Quinoa forms an ideal base for a fast lunch or dinner during the week. It cooks in a flash and adds a lovely nuttiness to any dish. In this light salad, it's paired with chilli-saffron prawns, fresh herbs and lemon.
- 300 gm (1½ cups) quinoa
- 50 gm butter
- 1 golden shallot, finely chopped
- 12 uncooked prawns, peeled and deveined
- Large pinch of saffron mixed with 1 tbsp hot water
- 1 tbsp finely chopped ginger
- 1 garlic clove, finely chopped
- 1 small red chilli, finely chopped
- 1 cup each (loosely packed) coriander and flat-leaf parsley, coarsely chopped
- Juice of 1 lemon, plus extra wedges to serve
- 1Cook quinoa in a large saucepan of boiling water until tender (10-15 minutes). Drain and steam dry.
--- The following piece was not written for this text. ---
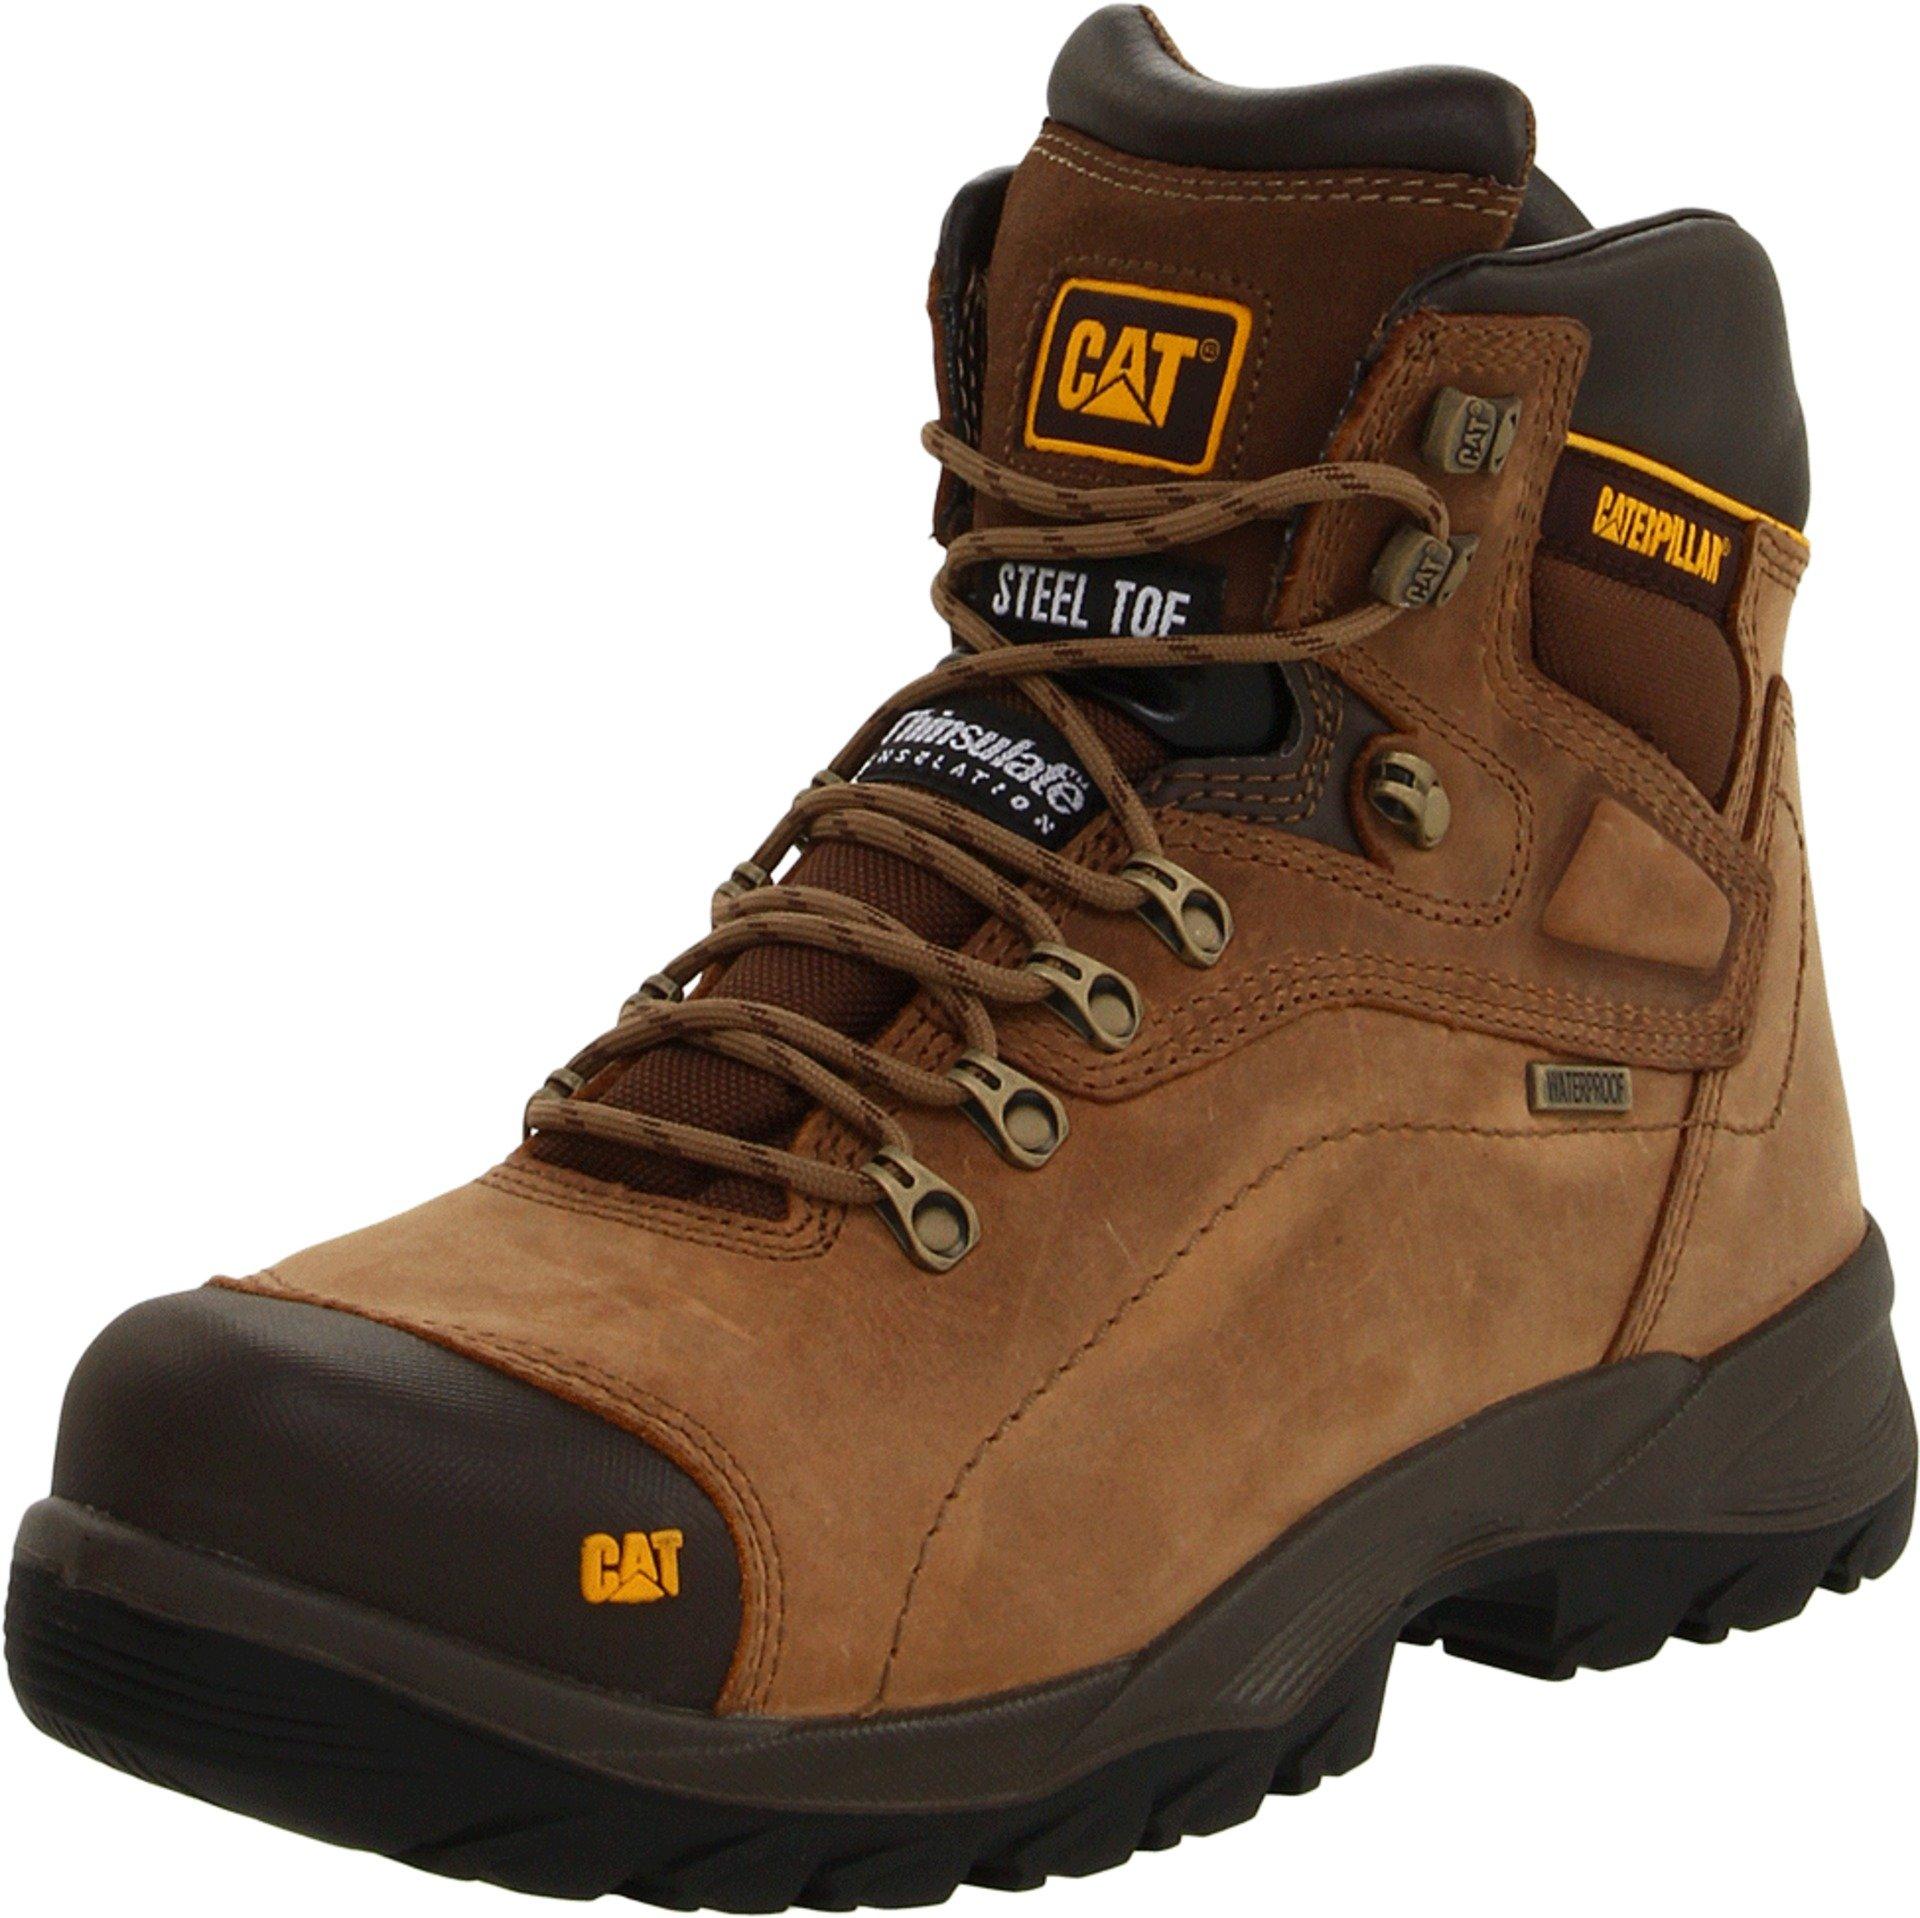 Caterpillar Men's Diagnostic Steel-Toe Waterproof Boot,Dark Beige,7 W US by Caterpillar

- 2Meanwhile, melt butter in a deep frying pan over medium heat. Add shallot and fry, stirring frequently, until tender (8-10 minutes). Add prawns and saffron water, and turn occasionally until almost cooked through (3-5 minutes). Add ginger, garlic and chilli, and fry until fragrant (2-3 minutes), toss to combine, remove from heat and stir through herbs.
- 3Stir prawn mixture and lemon juice through quinoa, season to taste and serve with extra lemon wedges.